Introduction

We are interested in computing the modular reduction of $x^N$ by a polynomial $p(x)$ over GF2, where $N$ is a potentially huge integer.

Let $P(x)$ be a nonzero polynomial of degree $n$ over $\mathbb{F}_2$.

Any other polynomial $h(x)$ over $\mathbb{F}_2$ can be decomposed as:

$$ h(x) = q(x) P(x) + r(x), $$

where $q(x)$ is the quotient polynomial, and $r(x)$ is the remainder polynomial with degree less than $n$.

We say that $r(x)$ is the modular reduction of $h(x)$ by $P(x)$

$$ r(x) = h(x) \mid {P(x)}. $$

The Polynomial $x^N$

The simplest, single-term polynomial $h(x) = x^N$ is of particular importance, especially for cases where $N \gg 1$.

This is because some numerical algorithms have a critical iteration step that can formally be written as:

$$ \mathbf{v} \gets M \cdot \mathbf{v}, $$

where $\mathbf{v}$ is a bit-vector bucket of $n$ bits and $M$ is an $n \times n$ bit-matrix.
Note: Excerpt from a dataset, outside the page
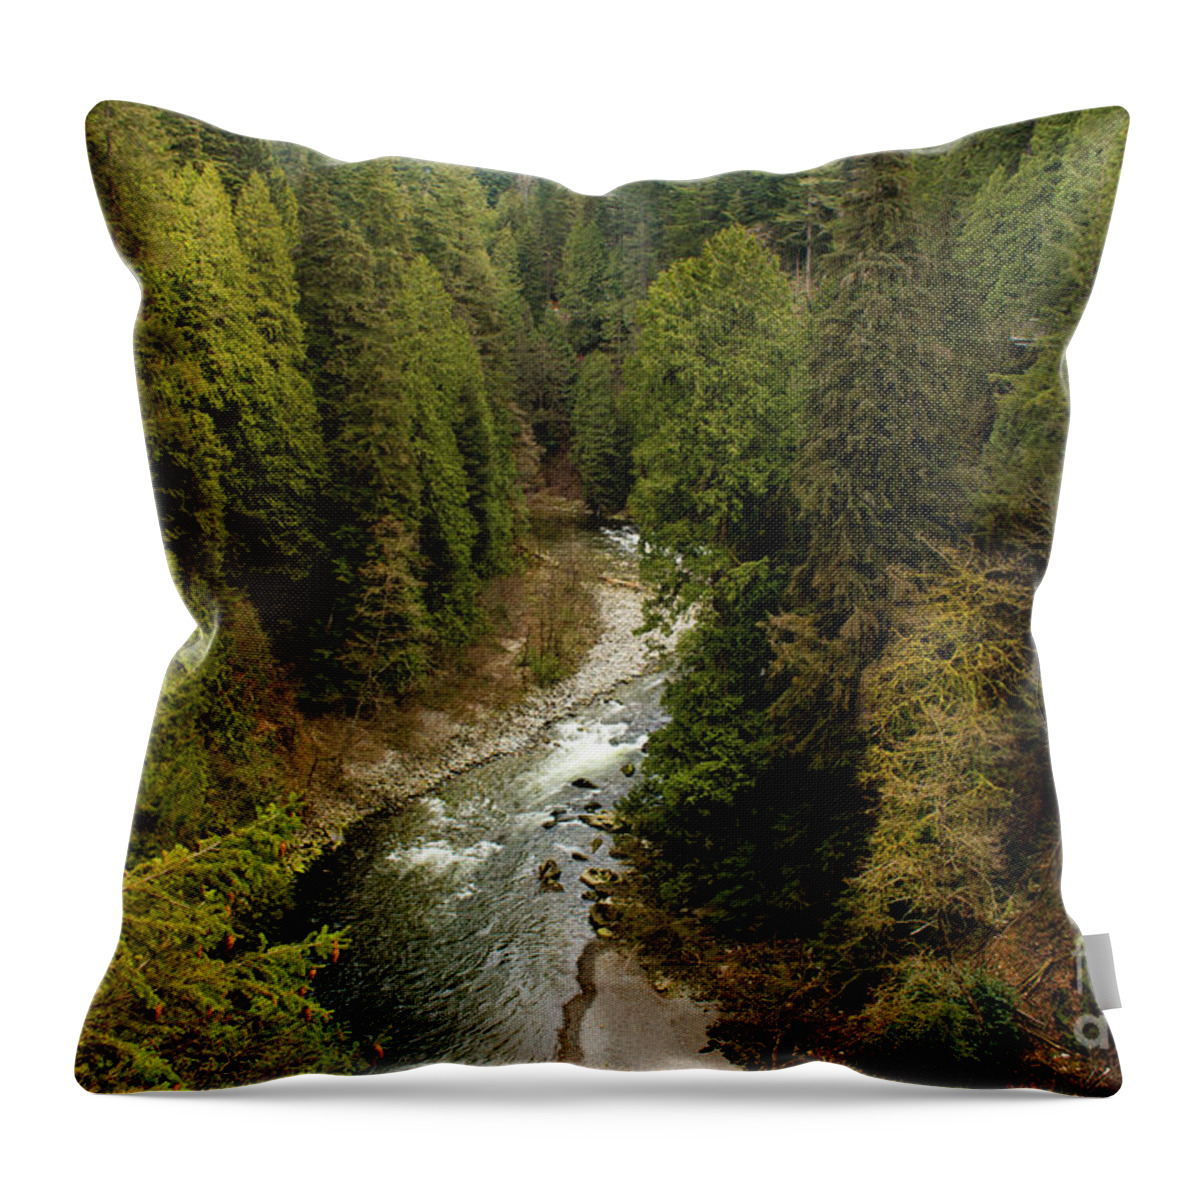 Capilano River Throw Pillow featuring the photograph Capilano River by Ivete Basso Photography
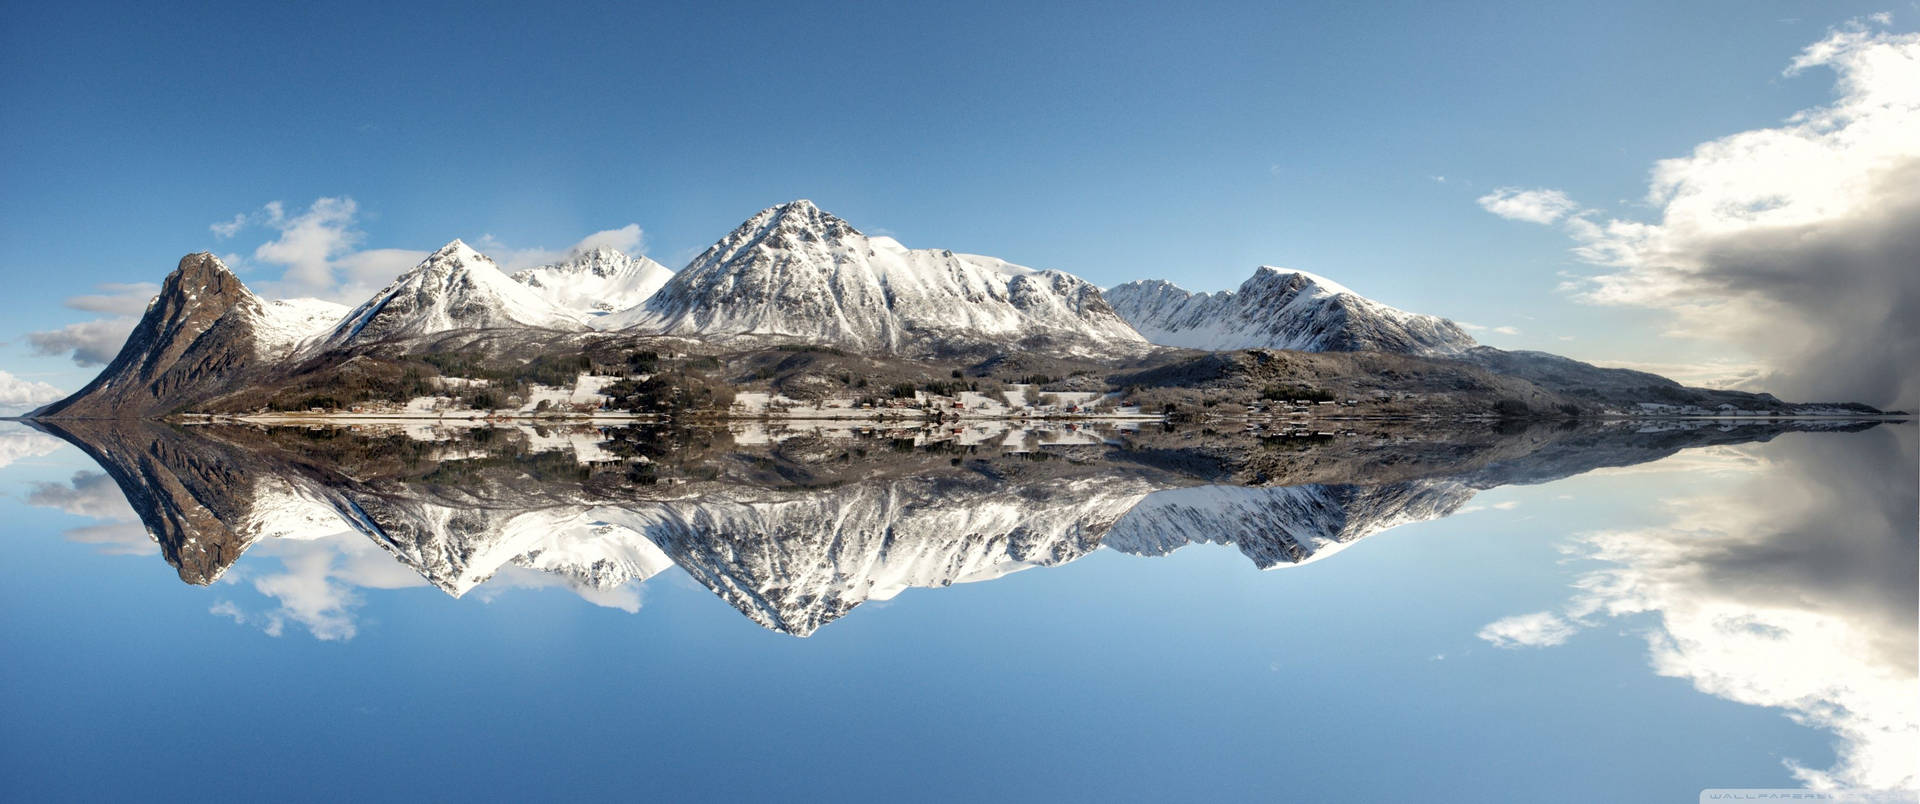 A Magnificent Reflection Of Snowy Mountains. Wallpaper

For example, many well-known random number generators can be cast into this form, where a state vector $\mathbf{v}$ is advanced at each step before it is reduced to the following random number. We note in passing that the generator is unlikely to be coded as matrix-vector multiply in GF(2) — $M$ It is typically rather sparse and special so that the iteration can be carried out much more efficiently by other means. Nevertheless, the mathematical analysis of the generator will depend on the structure of $M$.

Now you want to jump very far ahead in a random number stream. This lets one start a parallel thread of computation using the same set of random numbers but so far ahead that there is no danger of overlaps. To jump $N$ steps ahead where $N \gg 1$ we need to compute

$$ M^N \cdot \mathbf{v}. $$

Even if $M$ is sparse and special; there usually is no easy way to compute $M^N$.

But suppose that $P(x)$ is the known degree $n$ characteristic polynomial for $M$ then the Cayley Hamilton theorem tells us that:

$$ P(M) = 0. $$

We can use that as follows — first, express $x^N$ as

$$ x^N = q(x)P(x) + r(x), $$

then using Cayley Hamilton we get

$$ M^N = q(M)P(M) + r(M) = r(M). $$

So we can replace $M^N$ by $r(M)$ where the degree of $r$ is less than $n$ and typically $N \gg n$.

Thus, once we know $r(x) = x^N \mid P(x)$, we can jump $N$ steps ahead in the algorithm by computing the inexpensive polynomial sum $r(M)$.

For more details see this paper.

An Iterative Technique

We will describe an iterative technique to compute $x^N \mid P(x)$ for arbitrary non-negative integers $N$.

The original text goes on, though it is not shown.